Re: Ectopic questions (Long)
From: Harvey S. Marchbein, M.D. (anonymous@obgyn.net)
Sun, 30 Jul 2000 09:44:15 -0500 (CDT)
Long? Half of this would have been long. :-)
At Sat, 29 Jul 2000, geo_gal wrote:
>
>I am a 35 y.o. mother of one. I found out I was pregnant June 20th,
>after my expected period began with only light brown spotting (which
>lasted for almost 2 weeks). My BhCG levels were 379 on June 26 and 463
>on June 28. I went to the ER on June 26, because I was spotting, knew I
>was pregnant and awoke around 2 a.m. with strong pain just above my
>pubic bone. I was assessed by a triage nurse and shown into a room
>where I waited for 2 hours, alone. Not ONE person came to check in on
>me. The pain subsided somewhat and I felt that if no one at the
>hospital was concerned, perhaps I shouldn't be. So, I got dressed and
>went to tell a nurse I was leaving. It was a seemingly quiet night,
>only one patient visible in the ER, a sleeping elderly woman. I found
>the nurses chatting at the station. I didn't have to sign a release and
>I left to go home and get some sleep. I had an appointment at 7 a.m.

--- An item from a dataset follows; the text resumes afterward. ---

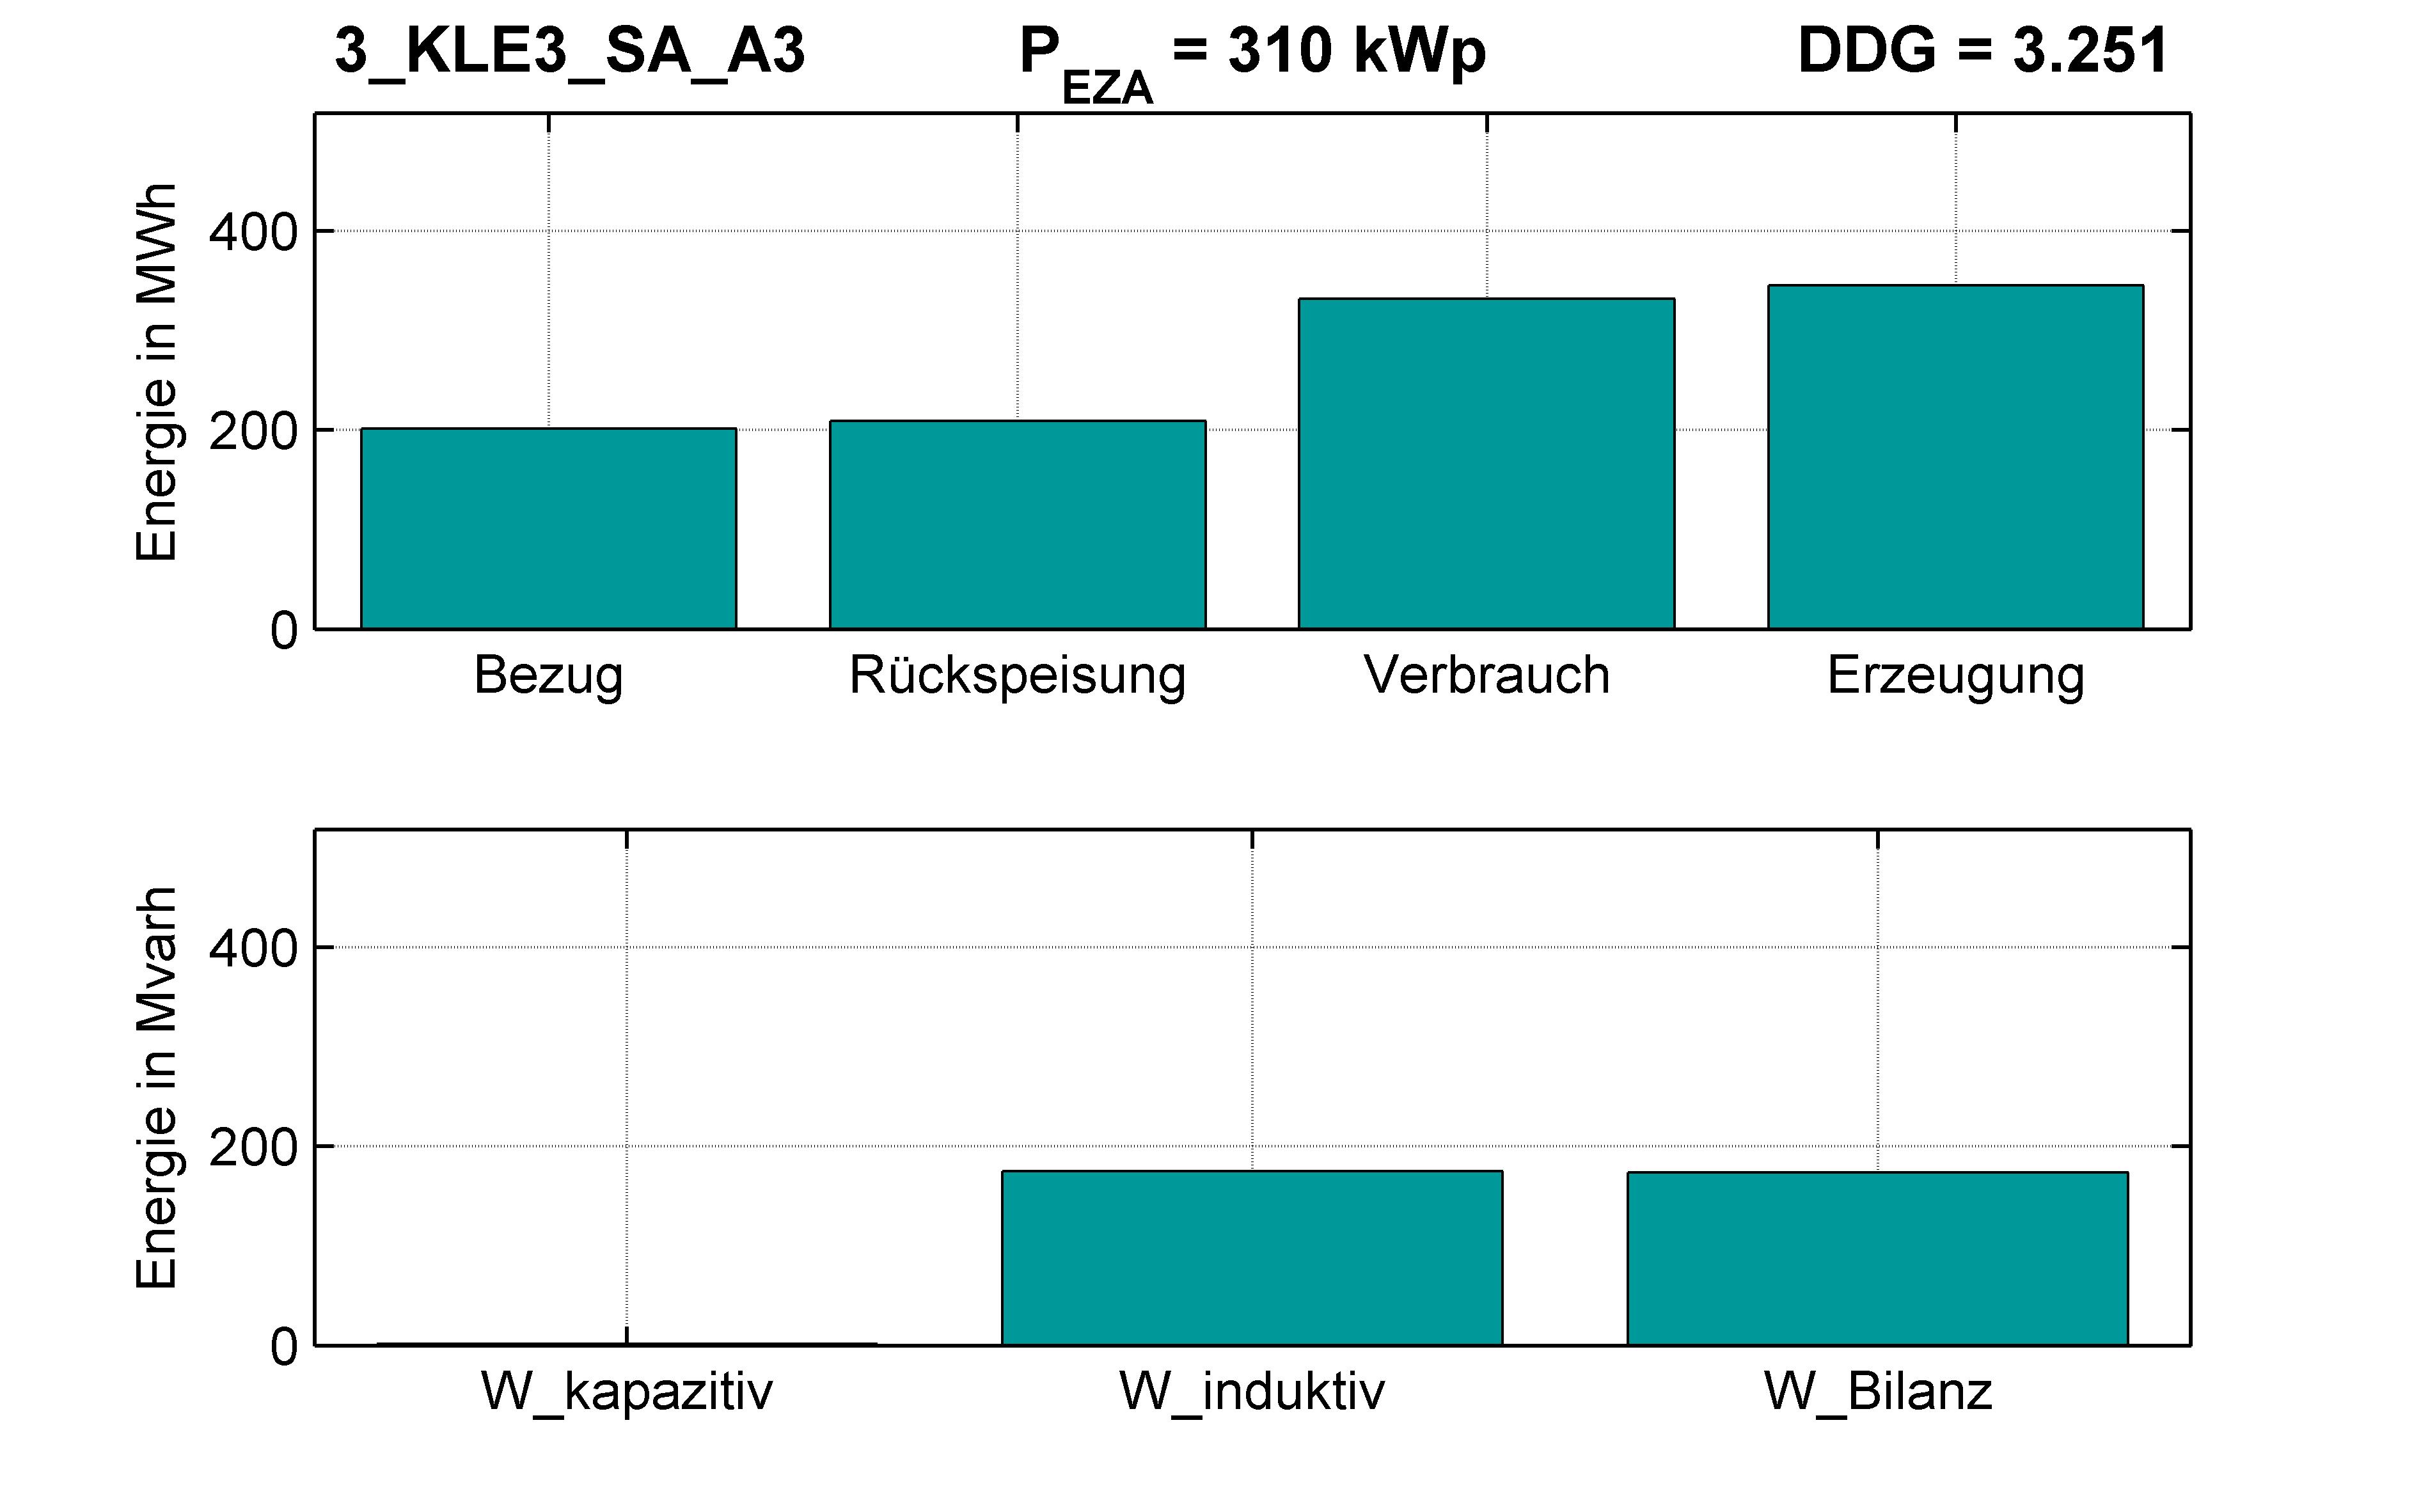 KLE3 | P-Kappung 70% (SA) A3 | PQ-Bilanz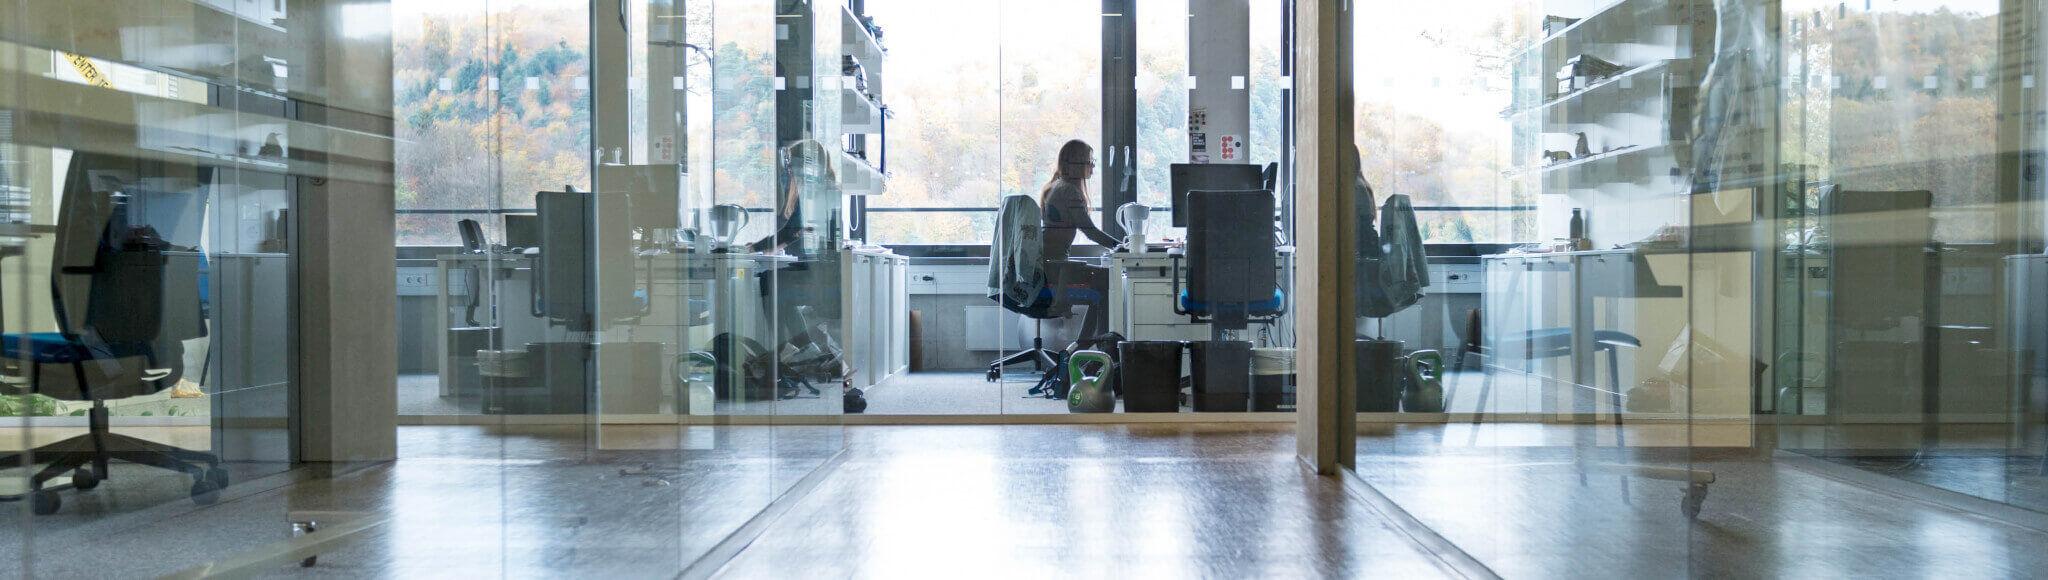 Headerbild Über-Uns-Seite: Die lichtgefluteten Büros an unserem Informatik Standort

>with my doctor (a family practitioner). She felt I didn't have any
>predisposing factors for EP, and sent me for the 2 serial hCGs. I began
>to bleed (heavier than my normal mp) on July 6 and the bleeding ended
>July 13. It resumed on July 17th, and I went to the ER again. There, I
>had a repeat hCG (690) and an US and TV US. The ER doc told my husband
>and I that he suspected EP and called gyn for consult. Gyn came in
>short time later, and said something was detected in left fallopian tube
>(complex mass?). Gave option of D&C and laparoscopy that day (actually,
>as he was the ONLY ob/gyn in our community of 46,000, he said he could
>get to my surgery at around 2 a.m.). I asked what other options I might
>have. He said methotrexate was one. I asked him, based on the history
>of this situation, was there a hurry? He said no, I could get my hCG
>levels checked a couple more times and then see him with the results. My
>BhCG on July 19 was 586 and on July 21 was 405. Bleeding stopped on
>July 21. I have no symptoms of the pregnancy any more (no breast
>tenderness, no nausea, etc.). I saw the ob/gyn on July 24, where he did
>an internal to check for any tenderness. There was none. He said my
>pelvis was "clinically normal". I have not had any pelvic pain since
>June 26 episode (which seemed to be relieved after passing gas).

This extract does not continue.